When predicting the price of diamond with given descriptions
(carat = 1, cut = "Ideal", color ="I", clarity = "VVS1", depth = 62, table = 63, width = 6, length = 5, height = 4 )
we get $6053.88
## k-Nearest Neighbors
##
## 5000 samples
## 9 predictor
##
## No pre-processing
## Resampling: Cross-Validated (10 fold)
## Summary of sample sizes: 4500, 4500, 4500, 4500, 4500, 4500, ...
## Resampling results across tuning parameters:
##
## k RMSE Rsquared MAE
## 1 1628.429 0.8333856 902.0552
## 3 1365.549 0.8832345 757.9656
## 5 1331.222 0.8923463 734.3735
## 7 1323.197 0.8952139 728.3290
## 9 1323.155 0.8973306 718.2109
## 11 1318.958 0.8986176 718.0017
## 13 1317.807 0.8993923 717.0025
## 15 1321.600 0.8995483 721.3069
## 17 1322.795 0.9000728 721.4926
## 19 1324.665 0.9004483 722.7665
##
## RMSE was used to select the optimal model using the smallest value.
## The final value used for the model was k = 13.
## [1] 3198.308
Our final model used was K = 13, in which RMSE value is 1317.807. We also used our model to predict the price of the diamond when inputted these values (carat = 1, cut = “Ideal”, color =“I”, clarity = “VVS1”, depth = 62, table = 63, width = 6, length = 5, height = 4 ), we get $3198.308. When centering and scaling, we actually don’t do a good job with our model. Therefore, we use without centering and scaling. We still don’t do a good job with our model than linear regression model.
## Random Forest
##
## 5000 samples
## 9 predictor
##
## No pre-processing
## Resampling: Cross-Validated (10 fold)
## Summary of sample sizes: 4500, 4500, 4500, 4500, 4500, 4500, ...
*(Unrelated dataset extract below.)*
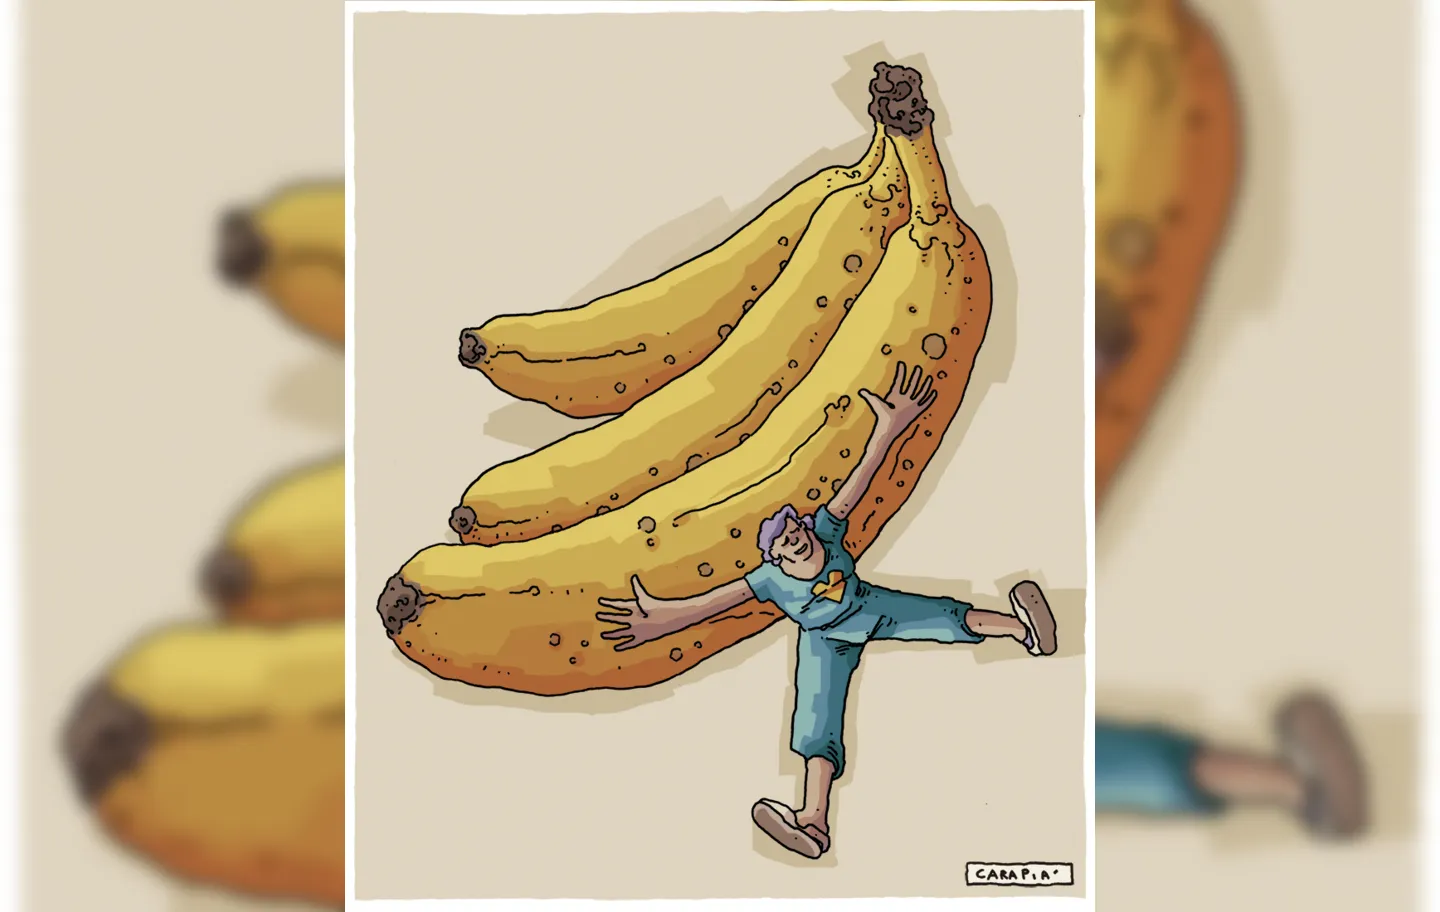 Uma banana nos mostra diversas formas de existir

## Resampling results across tuning parameters:
##
## mtry RMSE Rsquared MAE
## 2 1160.6855 0.9306338 692.8170
## 3 955.6816 0.9434891 488.2799
## 4 913.2948 0.9473364 448.5679
## 5 897.9391 0.9488828 435.4641
##
## RMSE was used to select the optimal model using the smallest value.
## The final value used for the model was mtry = 5.
## 1
## 4670.545
Since we have 9 potential predictors, we can set m = 5. Trying values between 2 and 5. Our smallest RMSE is 897.9391, which is the lowest among the model used. Therefore, a better model.
## rf variable importance
##
## only 20 most important variables shown (out of 23)
##
## Overall
## length 100.0000
## carat 87.0947
## width 81.0782
## height 62.3751
## claritySI2 4.1006
## depth 3.6472
## table 2.4803
## colorJ 1.9343
## clarityVVS2 1.8820
## colorI 1.4921
## claritySI1 1.4096
## clarityVVS1 1.3200
## clarityVS1 0.8448
## colorG 0.7710
## clarityVS2 0.7555
## clarityIF 0.7308
## colorH 0.7210
## colorF 0.6689
## colorE 0.6401
## cutIdeal 0.5365
We do a much better job of predicting the price of the diamond using
Random forest model than linear model or K-Nearest Neighbor model
because RMSE is the lowest for Random forest model. Since, outliers were
not dealt with in the preprocessing phase we don’t take the RMSE but
instead take median error ipn this case for a better prediction as shown
earlier using the histogram which were heavily skewed to the right.
Therefore, when predicting the price of diamond with given descriptions
(carat = 1, cut = "Ideal", color ="I", clarity = "VVS1", depth = 62, table = 63, width = 6, length = 5, height = 4 )
we get $4670.545 -
The most important variable was length and the least important variable was cut = very good. Method of calculation for regression problem is by measuring root mean square error.